Landdieren die geregeld te water gaan, moeten speciale eigenschappen ontwikkelen om vlot van omgeving te kunnen wisselen. Onder water kunnen ze te kampen krijgen met zuurstoftekort of hinder bij verplaatsingen, weer boven water kan een waterfilm op de huid de warmteregulatie hinderen of schimmelvorming uitlokken.

Bioloog Simon Baeckens (UAntwerpen) en zijn collega’s beschrijven in The Journal of Experimental Biology hoe bepaalde landhagedissen zich aan een leven in water hebben aangepast. Met een elektronenmicroscoop bekeken ze de huid van de diertjes. Ze ontdekten dat de microstructuur van de huid van landhagedissen die geregeld te water gaan anders is dan die van verwante pure land- diertjes, met onder meer langere haarachtige uitsteeksels die waterafstotend werken. De waterafstotende huid maakt het mogelijk dat de dieren luchtbelletjes in de neusgaten ‘meenemen’, die ze onderwater kunnen gebruiken voor hun ademhaling.

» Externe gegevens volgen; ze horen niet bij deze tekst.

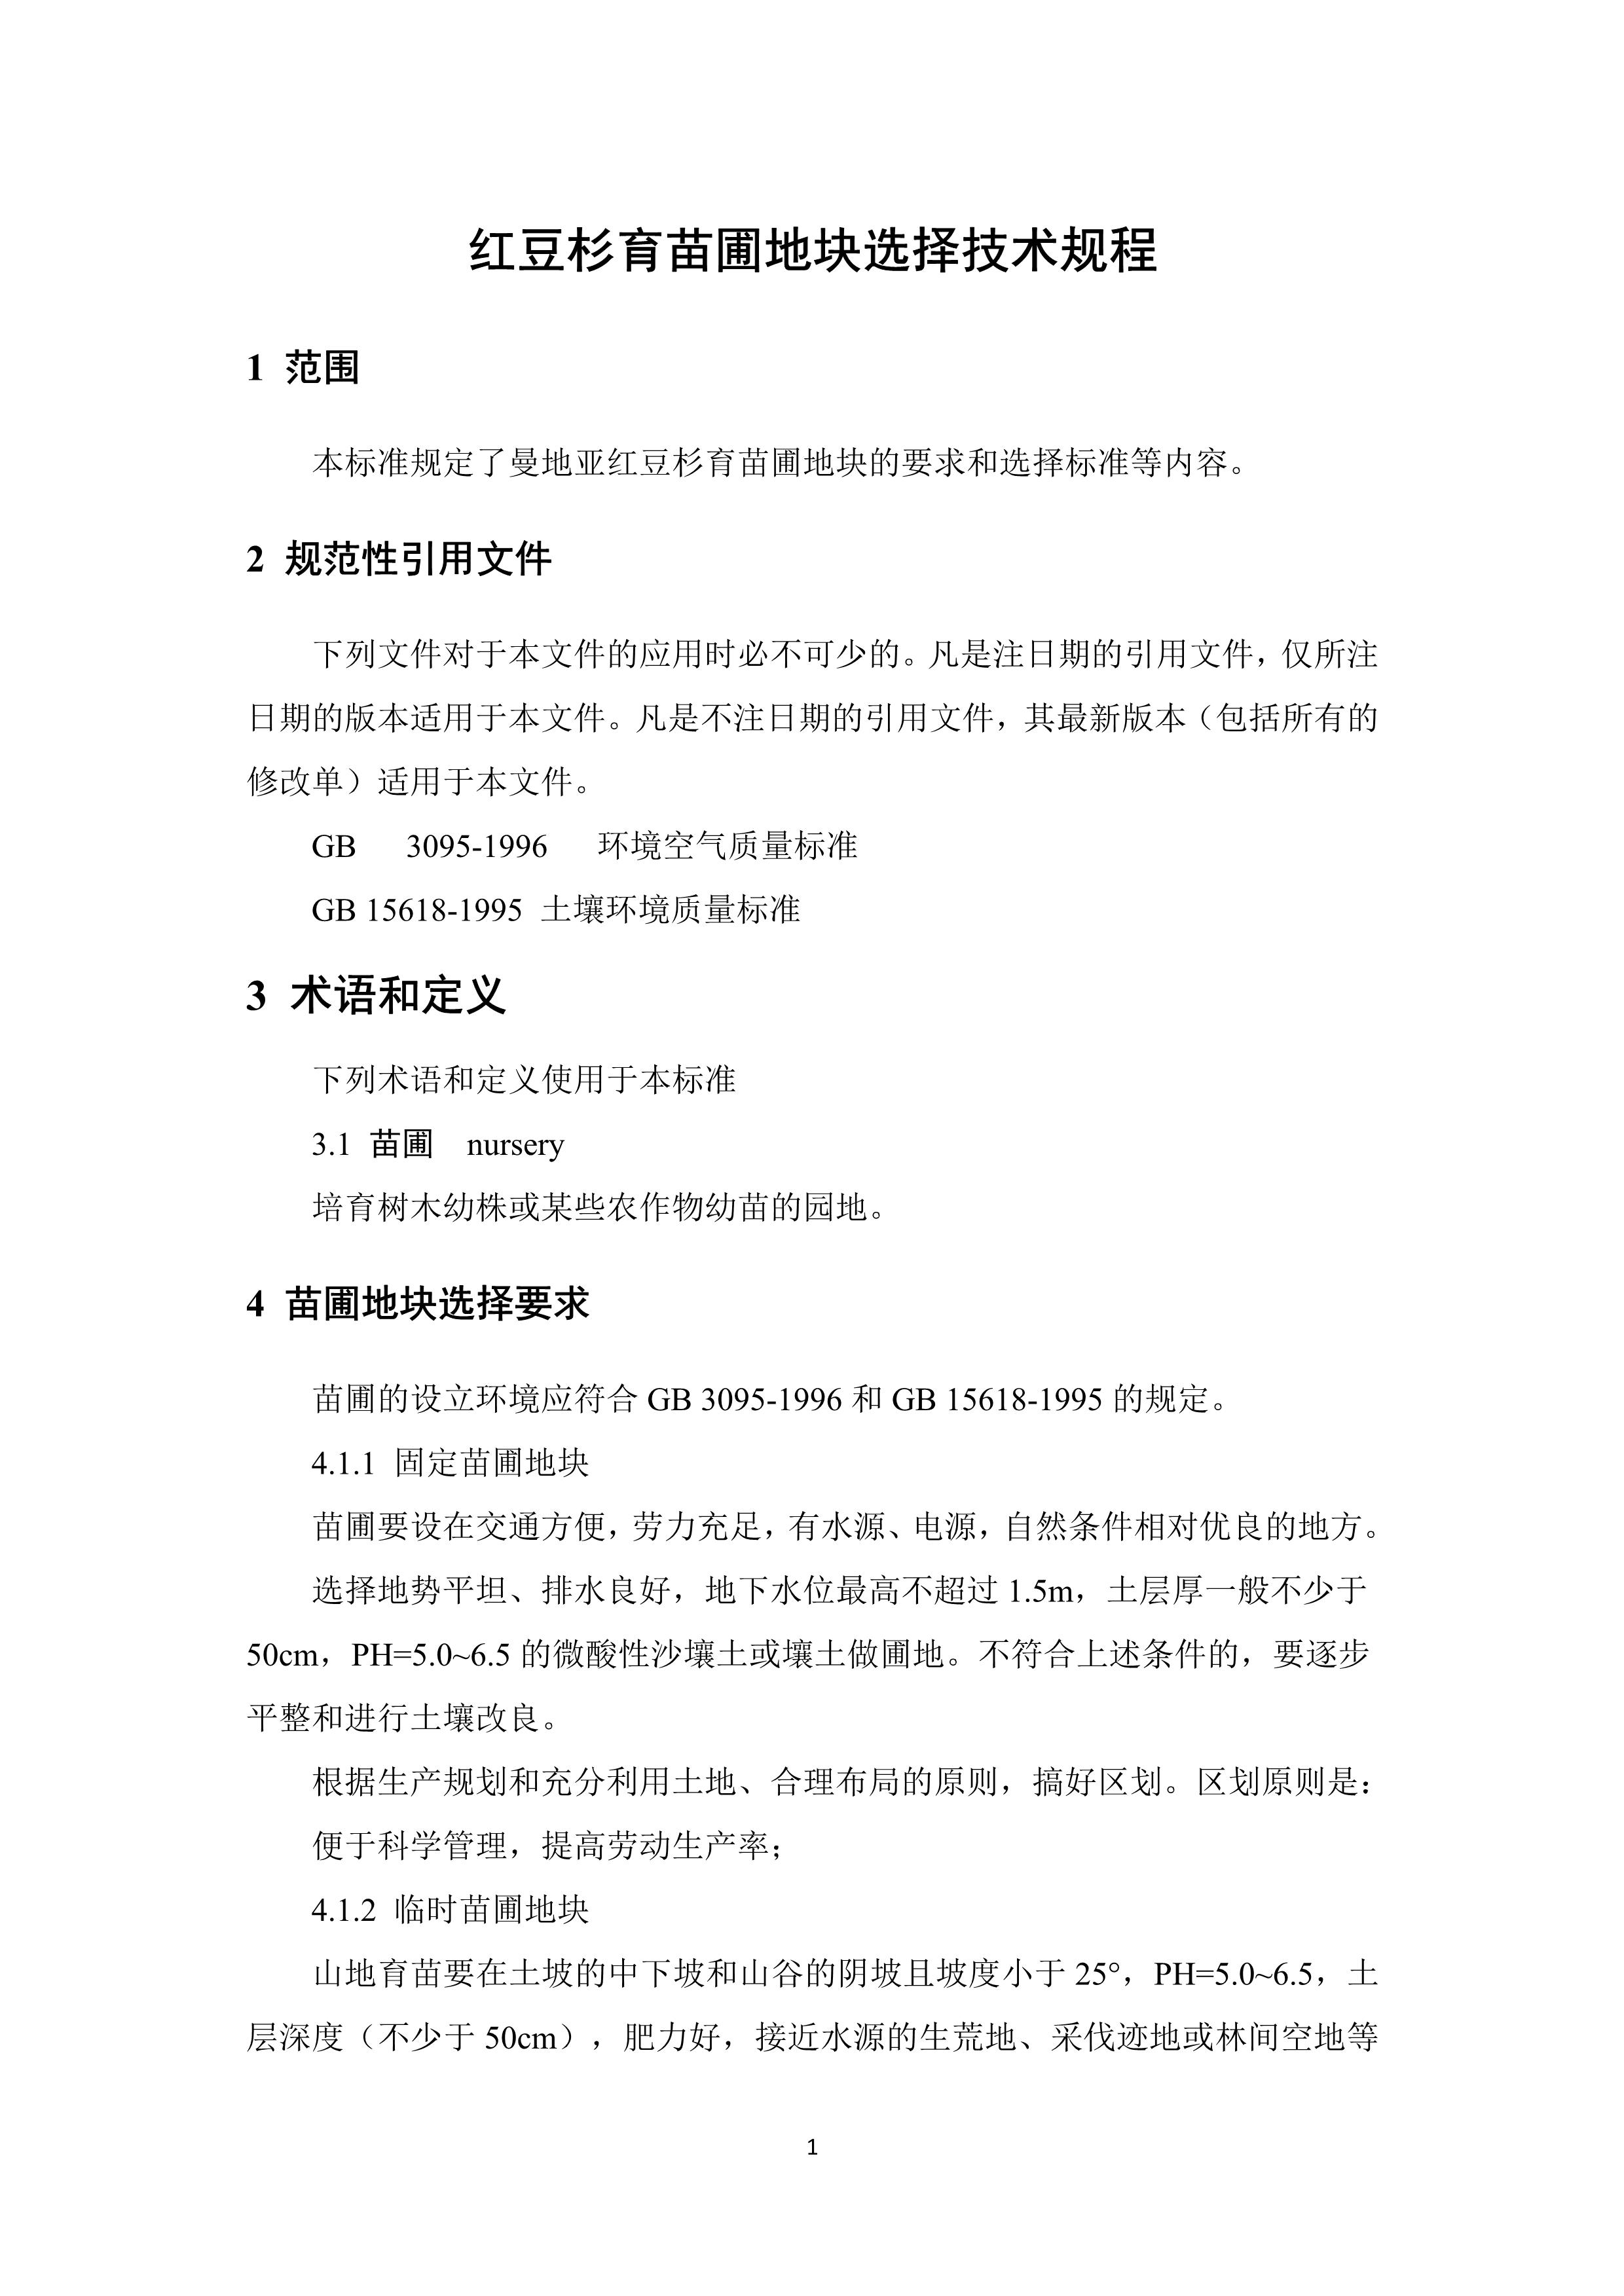 红豆杉育苗地块选择技术规程_4.png

Landhagedissen die geregeld te water gaan, ontwikkelen een waterafstotende huid.

Andere onderzoekers melden in Proceedings of the National Academy of Sciences dat de neus van zoogdieren ontstaan is uit de kaken van reptielen (zoals hagedissen). Ze kwamen tot die conclusie door bepaalde cellen in de embryonale ontwikkeling individueel te volgen.